● **Exercise aim**: Make an exact copy of the listing below. Pictures stay out of it.

● **Collected data**:
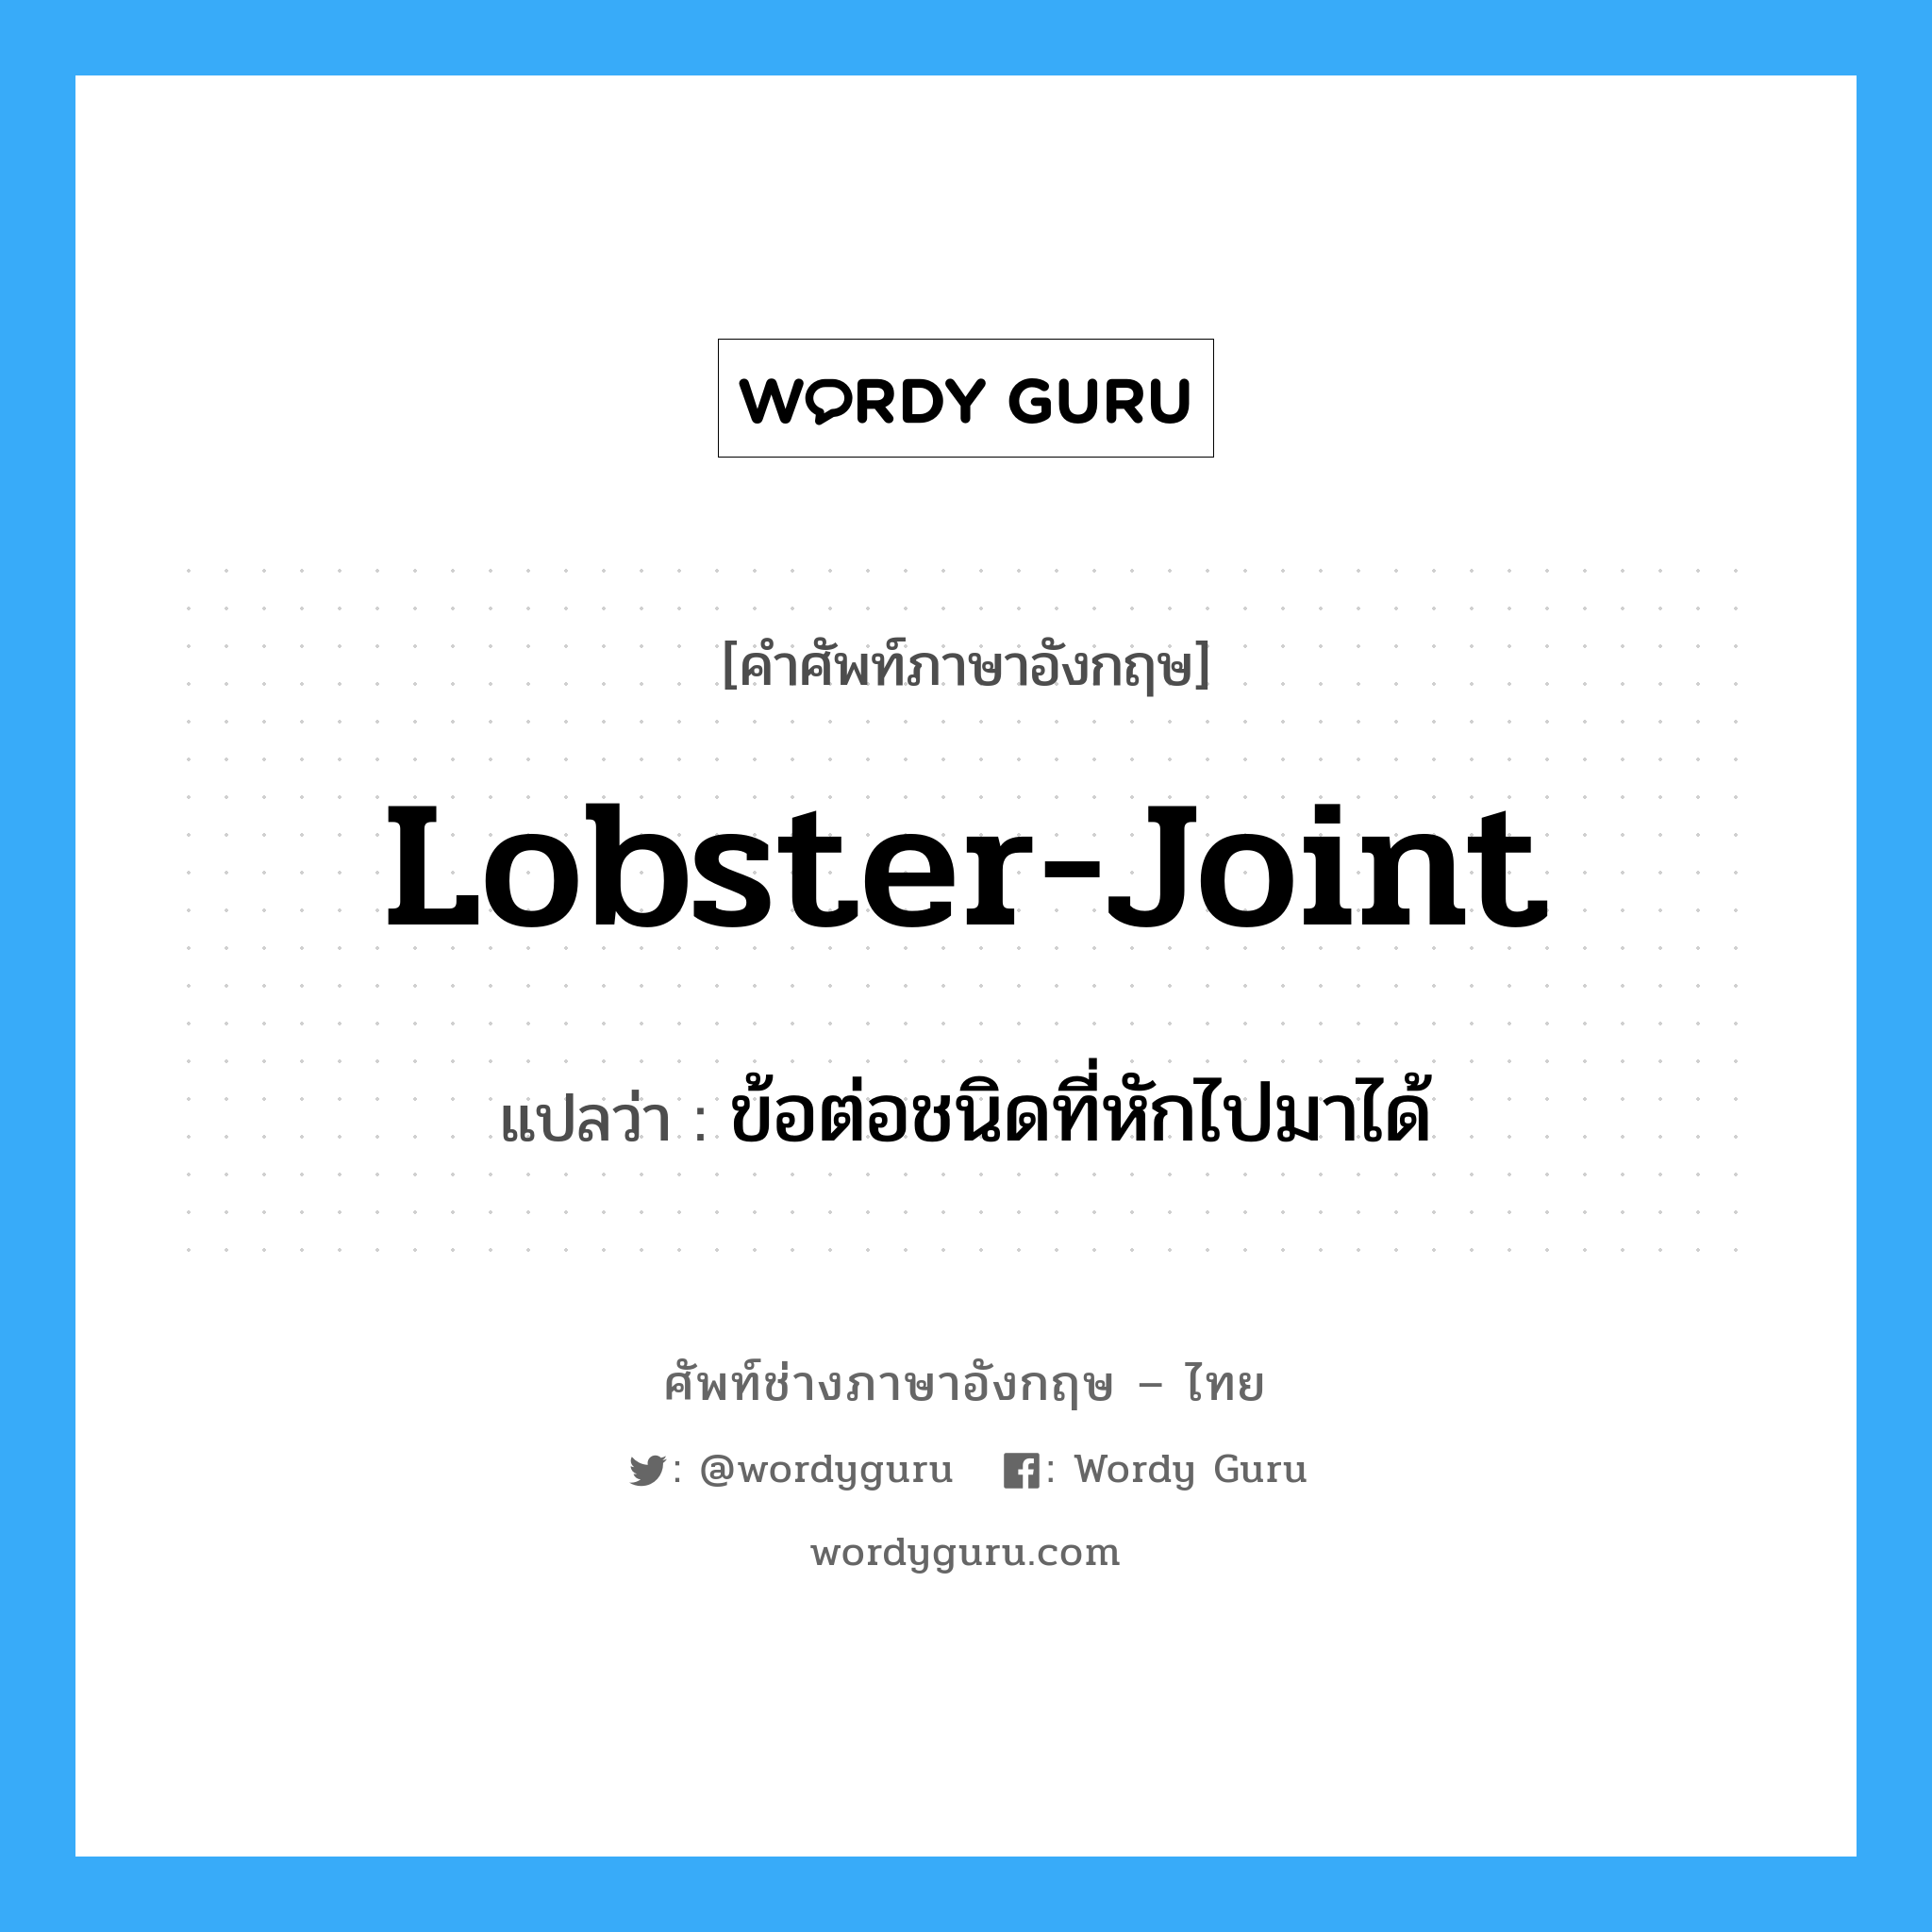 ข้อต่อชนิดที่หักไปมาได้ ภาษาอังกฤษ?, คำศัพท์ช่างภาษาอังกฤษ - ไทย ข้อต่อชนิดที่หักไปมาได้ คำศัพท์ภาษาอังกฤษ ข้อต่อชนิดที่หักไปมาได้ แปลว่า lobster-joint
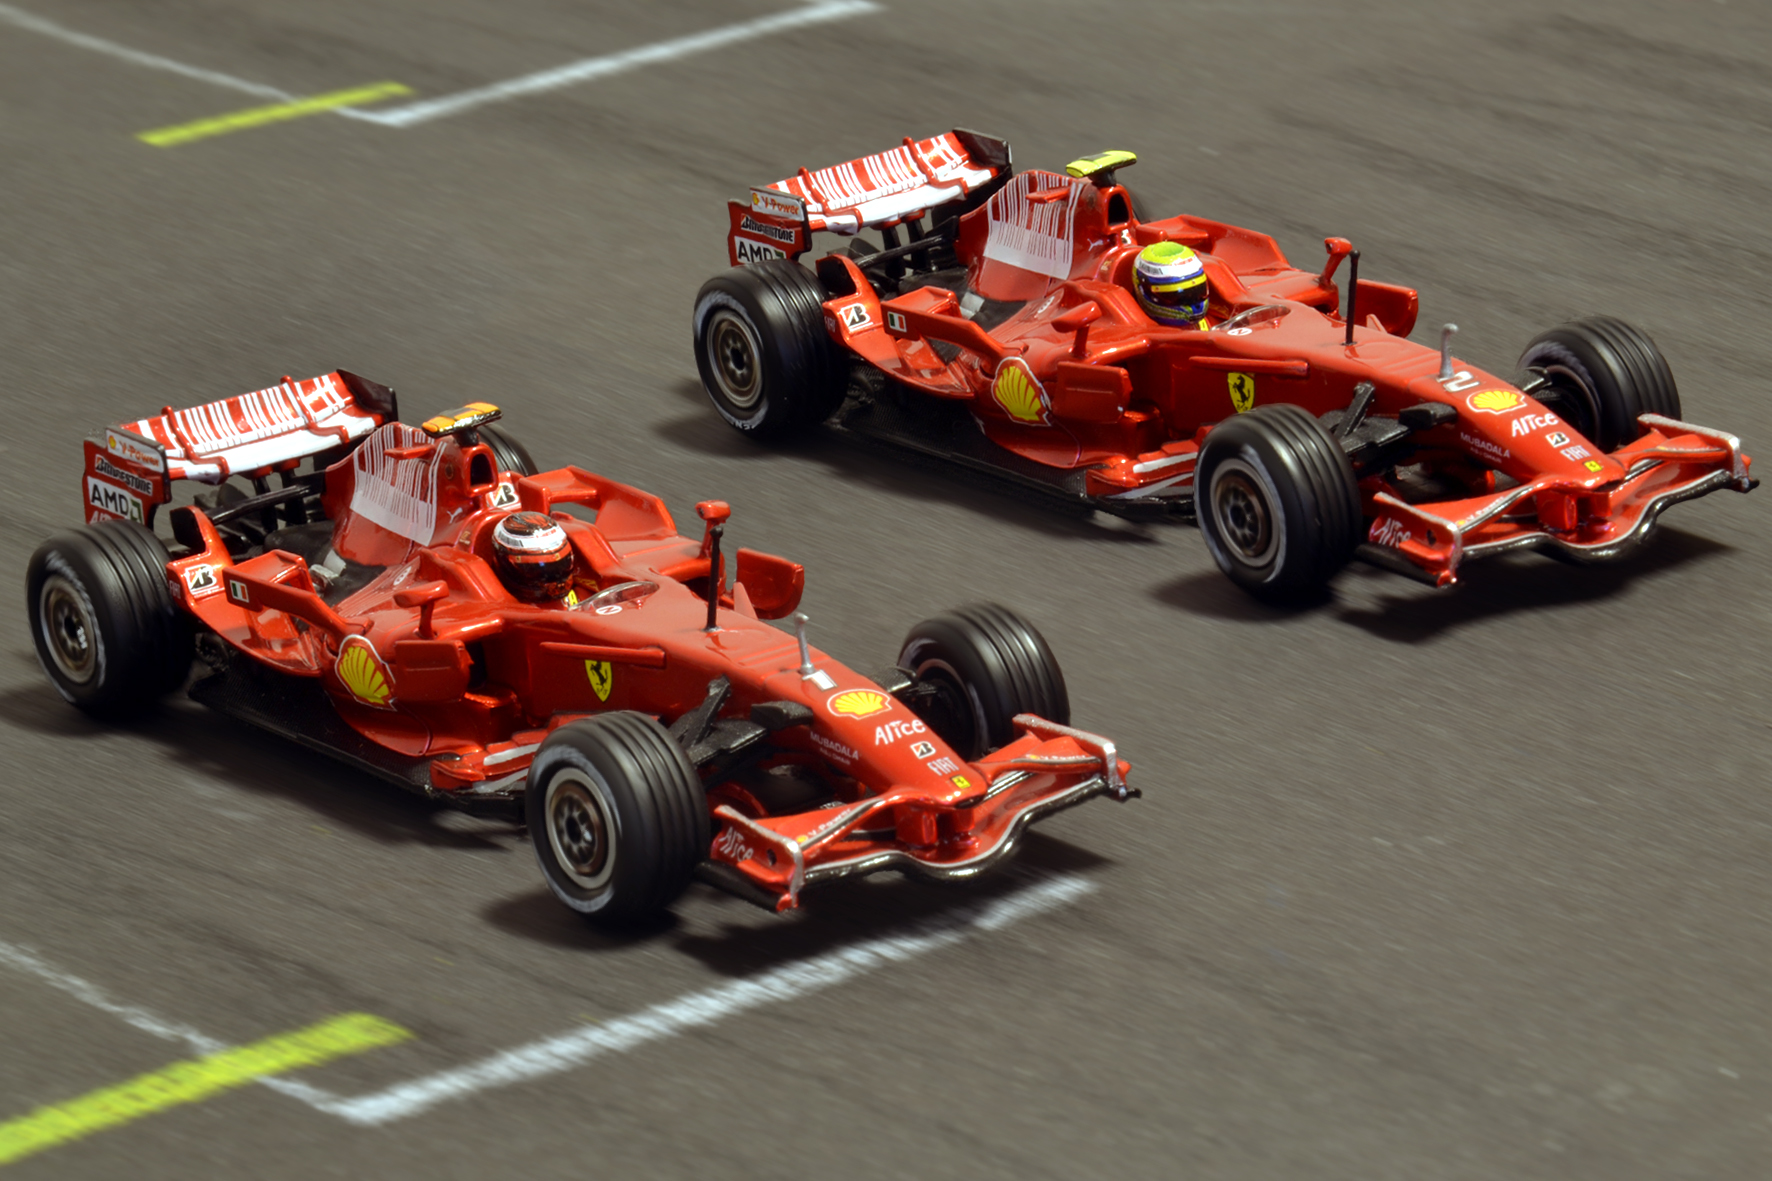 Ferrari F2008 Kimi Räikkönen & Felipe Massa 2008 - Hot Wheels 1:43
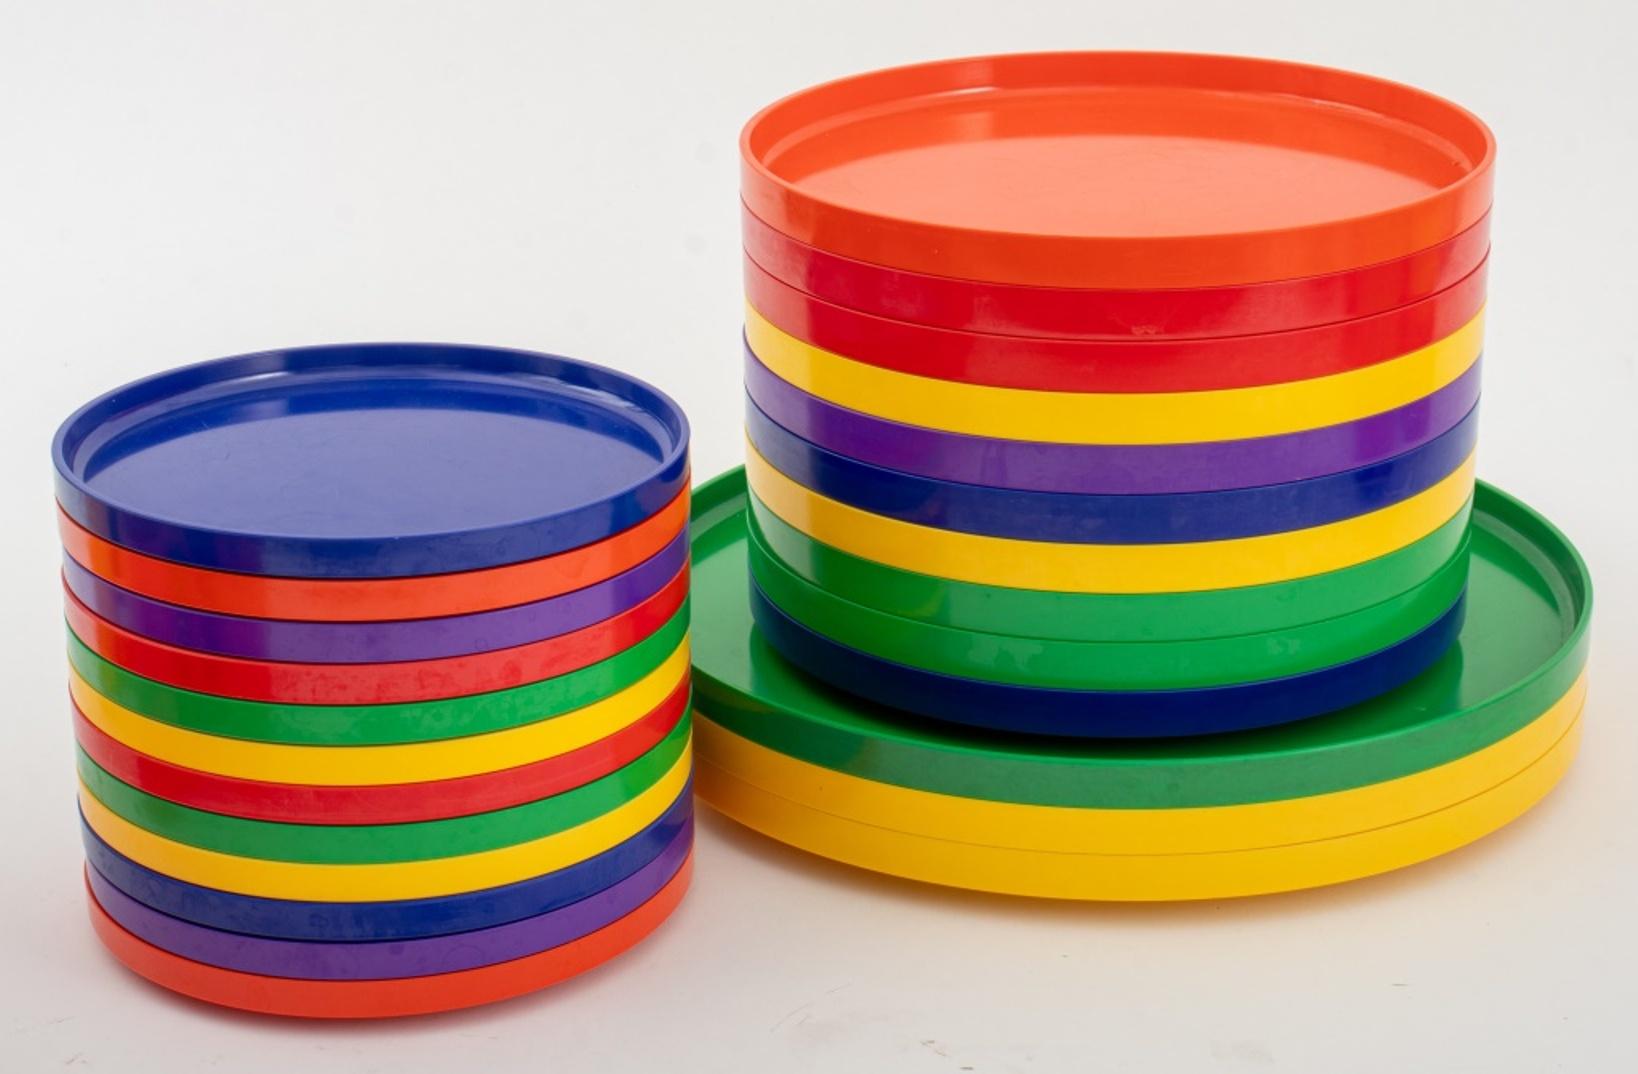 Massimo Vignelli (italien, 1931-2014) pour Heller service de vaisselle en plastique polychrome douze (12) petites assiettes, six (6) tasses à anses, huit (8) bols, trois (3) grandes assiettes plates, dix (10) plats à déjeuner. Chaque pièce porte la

● **Response area**:
 ข้อต่อชนิดที่หักไปมาได้ ภาษาอังกฤษ?, คำศัพท์ช่างภาษาอังกฤษ - ไทย ข้อต่อชนิดที่หักไปมาได้ คำศัพท์ภาษาอังกฤษ ข้อต่อชนิดที่หักไปมาได้ แปลว่า lobster-joint
 Ferrari F2008 Kimi Räikkönen & Felipe Massa 2008 - Hot Wheels 1:43
 Massimo Vignelli (italien, 1931-2014) pour Heller service de vaisselle en plastique polychrome douze (12) petites assiettes, six (6) tasses à anses, huit (8) bols, trois (3) grandes assiettes plates, dix (10) plats à déjeuner. Chaque pièce porte la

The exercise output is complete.